| Problem |
When you copy the data, keep every line exactly as written and skip the pictures.

| Provided material |
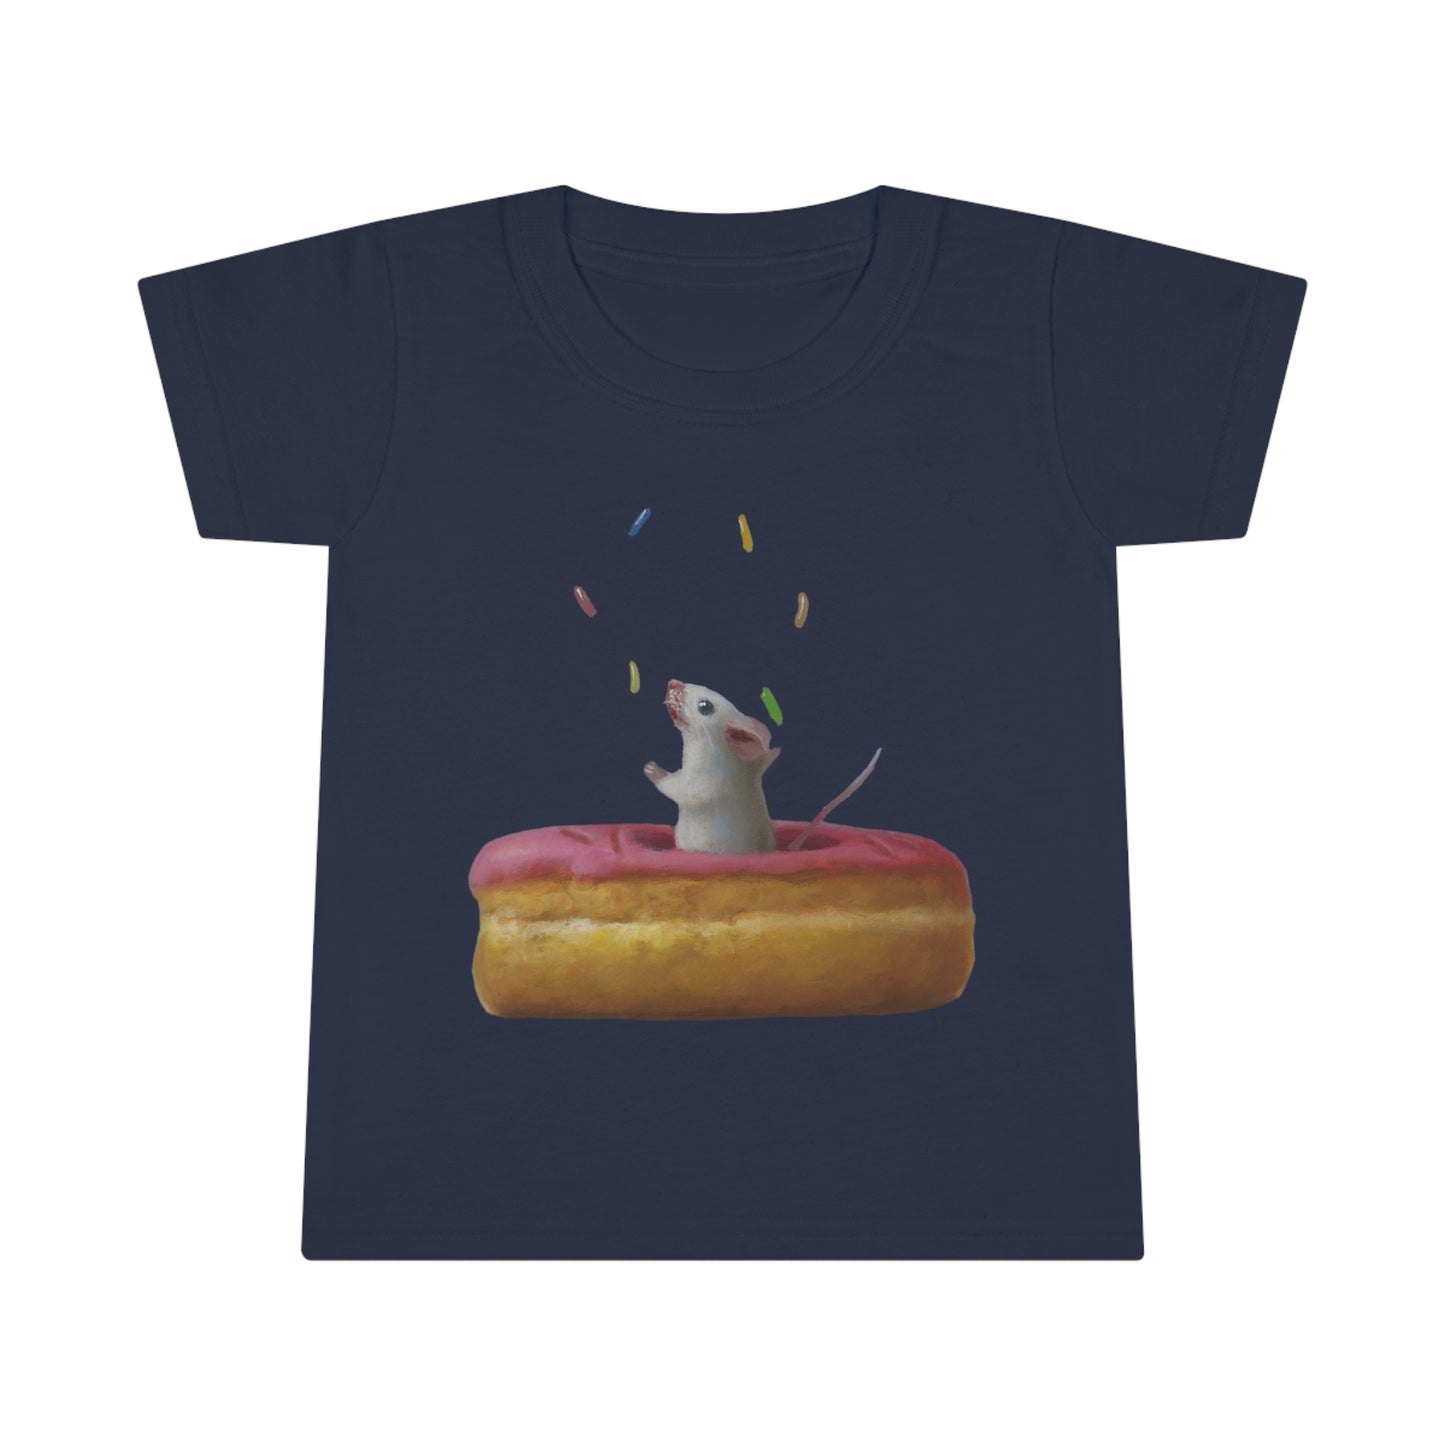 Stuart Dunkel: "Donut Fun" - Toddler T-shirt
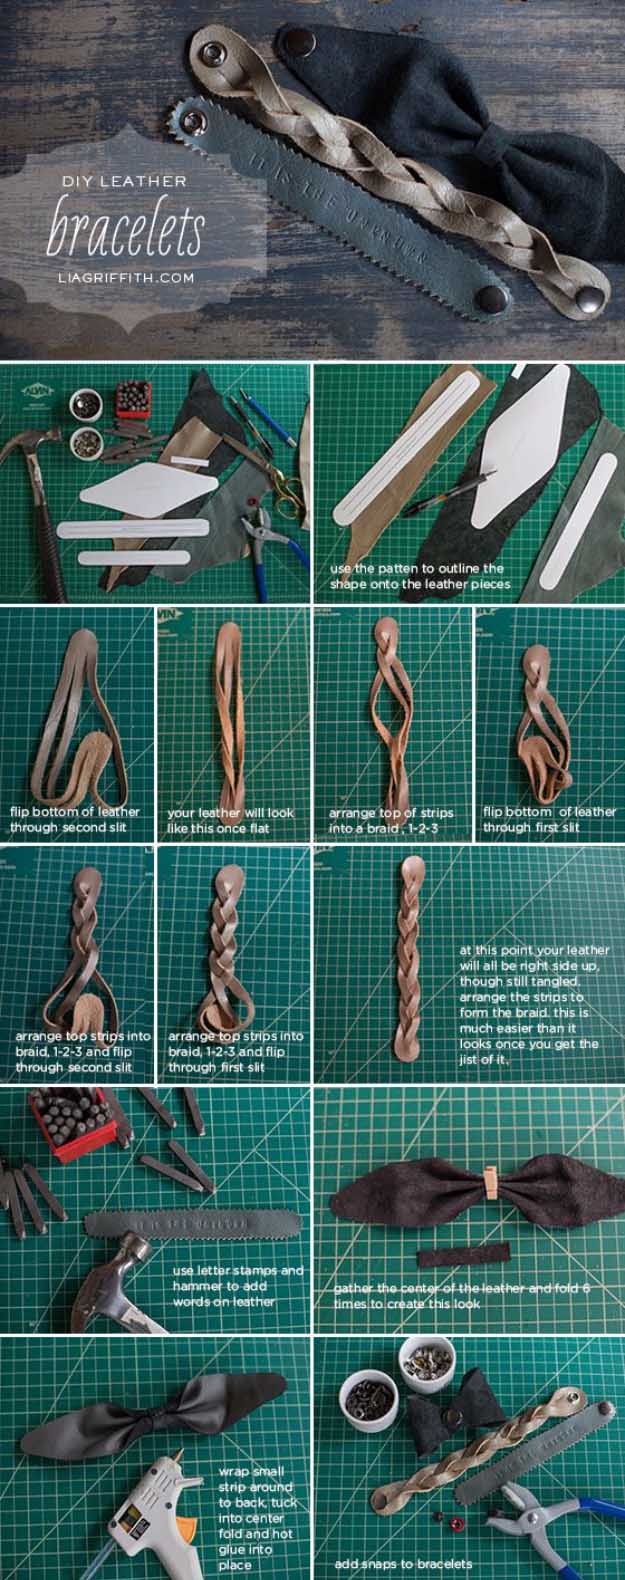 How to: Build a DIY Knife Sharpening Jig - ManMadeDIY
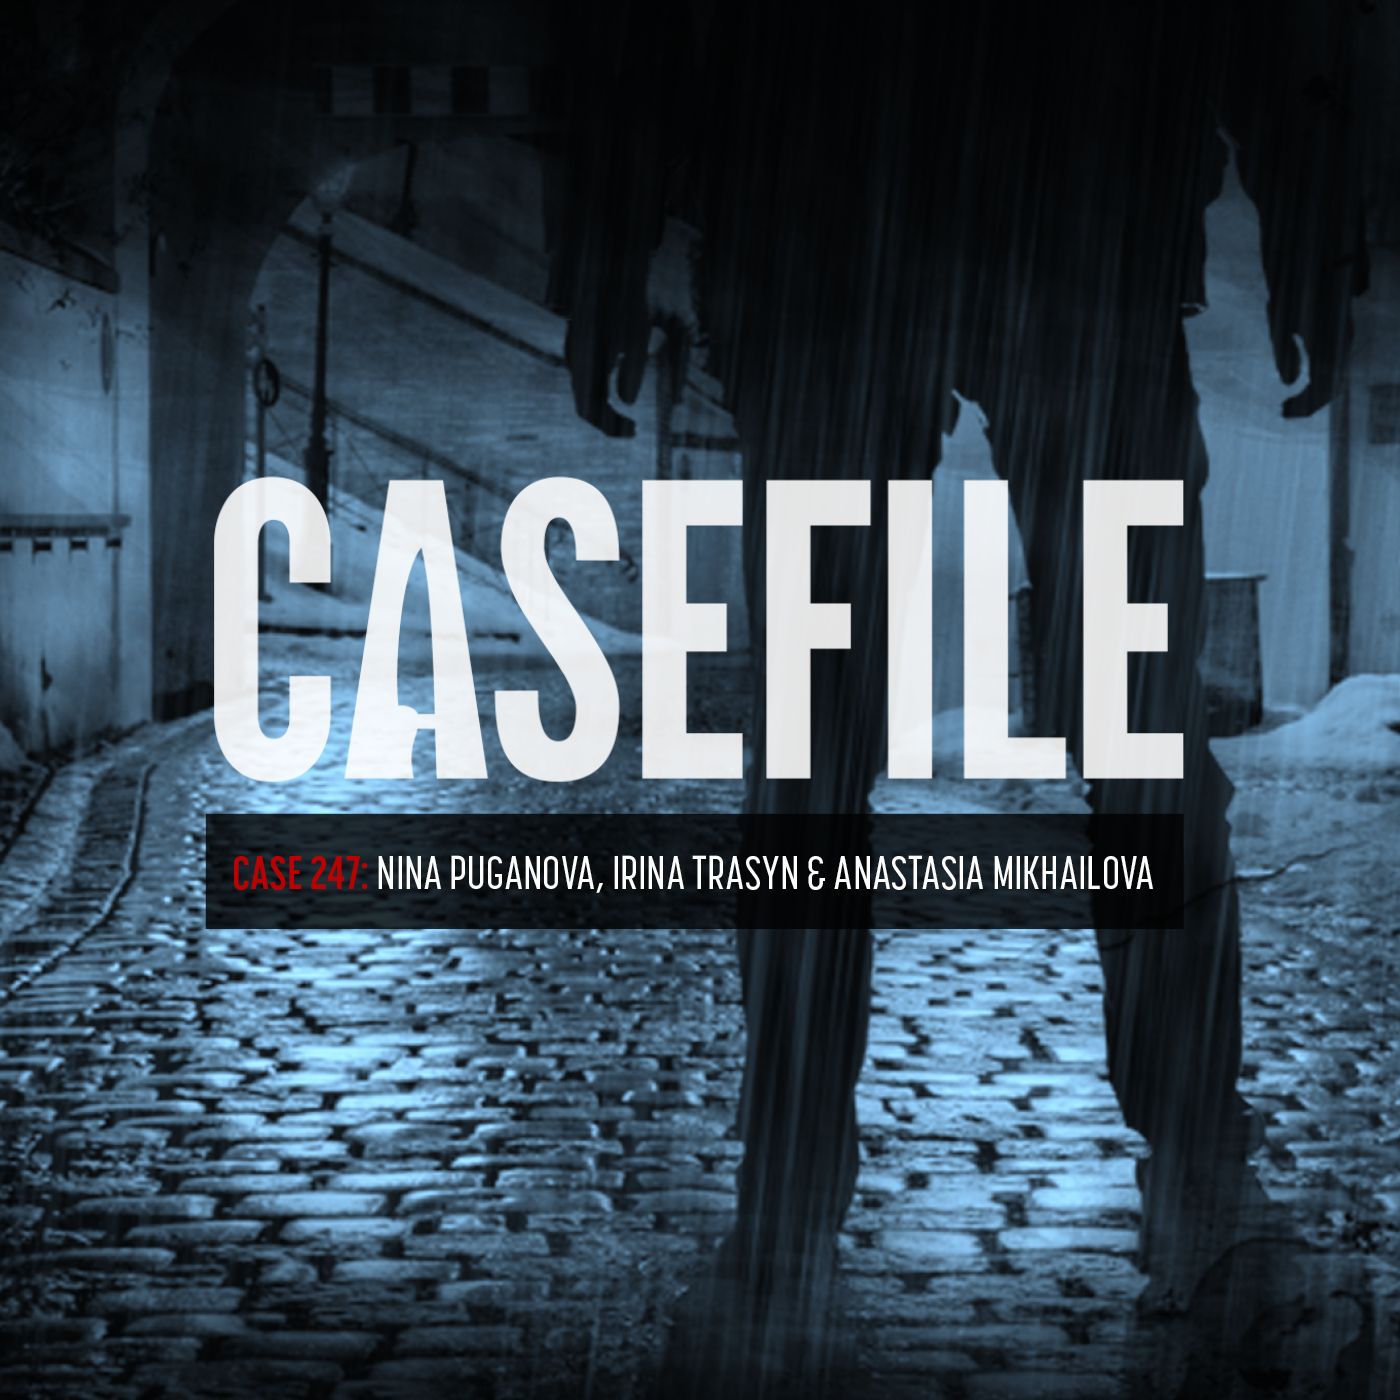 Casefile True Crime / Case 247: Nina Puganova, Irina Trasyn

| Solved exercise |
 Stuart Dunkel: "Donut Fun" - Toddler T-shirt
 How to: Build a DIY Knife Sharpening Jig - ManMadeDIY
 Casefile True Crime / Case 247: Nina Puganova, Irina Trasyn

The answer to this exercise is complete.